Se nonostante la replezione volemica la pressione rimane bassa, il primo farmaco da scegliere è la norepinefrina, preferita rispetto a dopamina ed epinefrina. In caso di risposta insufficiente, si aggiunge vasopressina, e successivamente epinefrina se necessario. Le linee guida incoraggiano l’inizio precoce (anche periferico) per evitare ritardi nell’azione.

Oltre alla gestione emodinamica, la sepsi richiede misure per sostenere gli organi compromessi. In caso di insufficienza respiratoria si applicano protocolli per ARDS (volume corrente basso, plateau ≤ 30 cmH₂O). Nei pazienti con shock persistente, può essere indicata infusione di idrocortisone 200 mg/die . La nutrizione enterale precoce, la profilassi della trombosi venosa, e la protezione gastrica vengono avviate frequentemente a integrazione .

Un pilastro fondamentale è intervenire direttamente sulla fonte infettiva: drenaggio di ascessi, rimozione di dispositivi infetti, o chirurgia in caso di peritonite. Questo intervento può essere decisivo tanto quanto antibiotici e fluidi.

Il trattamento prosegue oltre l’ora iniziale con un attento monitoraggio della perfusione, della glicemia (mantenuta <10 mmol/L), dei parametri respiratori, dei lattati e dei segni di sovraccarico di liquidi. La titolazione di fluidi e vasopressori si basa su dati emodinamici (anche non invasivi) . Anche l’intensità del monitoraggio, inclusa la pressione invasiva, va decisa in base alla gravità del paziente e alle risorse disponibili .

Perché la sepsi è così pericolosa?

La sepsi è una delle principali cause di morte a livello mondiale. Ogni anno, si registrano circa 47–50 milioni di casi, con almeno 11 milioni di decessi, pari a circa il 20% di tutte le morti globali. La mortalità varia tra il 30% e il 60% nei casi di sepsi grave, e può raggiungere il 70% nei casi di shock settico. Inoltre, molti sopravvissuti presentano sequele fisiche, cognitive e psicologiche persistenti, note come sindrome post-sepsi, che possono compromettere la qualità della vita per mesi o anni.
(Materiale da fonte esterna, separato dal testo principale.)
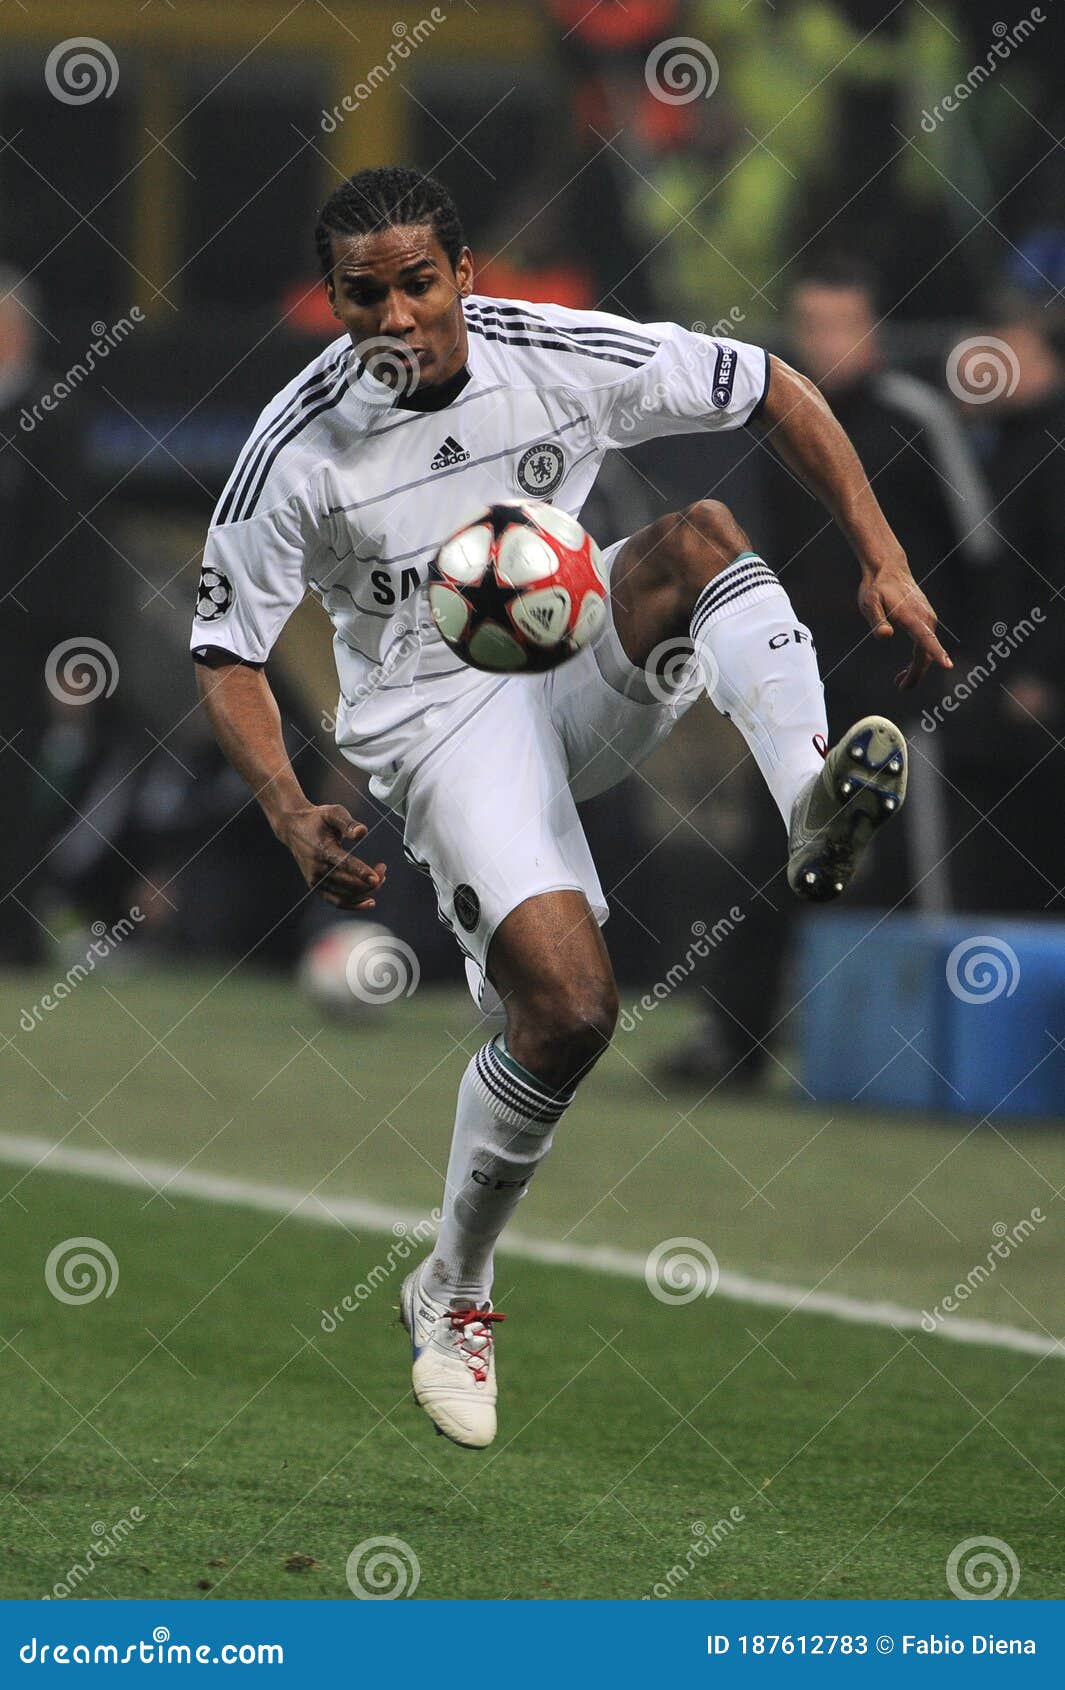 Didier Drogba in the Match Editorial Stock Photo - Image of champions, league: 187612783

Contrariamente a quanto si potrebbe pensare, la sepsi non è limitata ai Paesi a basso reddito. Negli ultimi dieci anni, l’incidenza della sepsi è aumentata nei Paesi ad alto reddito, con tassi annui compresi tra l’8% e il 13%. Questo aumento è attribuibile a diversi fattori, tra cui l’invecchiamento della popolazione, l’aumento delle malattie croniche e la diffusione di microrganismi resistenti agli antibiotici.

Difficoltà nel riconoscimento precoce

La sepsi è una patologia tempo-dipendente, e il riconoscimento precoce è cruciale per migliorare la prognosi. Tuttavia, la diagnosi può essere difficile, poiché i sintomi iniziali possono essere aspecifici e sovrapporsi a quelli di altre condizioni. Inoltre, la sepsi può evolvere rapidamente, e ogni ora di ritardo nel trattamento aumenta significativamente il rischio di morte.

Impatto economico e pressione sui sistemi sanitari

La sepsi rappresenta un onere significativo per i sistemi sanitari. I costi associati al trattamento della sepsi, compresi i ricoveri in terapia intensiva, le trasfusioni di sangue e la gestione delle complicanze, sono elevati. Inoltre, la sepsi contribuisce a un aumento dei giorni di degenza ospedaliera e a una maggiore incidenza di disabilità a lungo termine, con conseguenti costi sociali ed economici.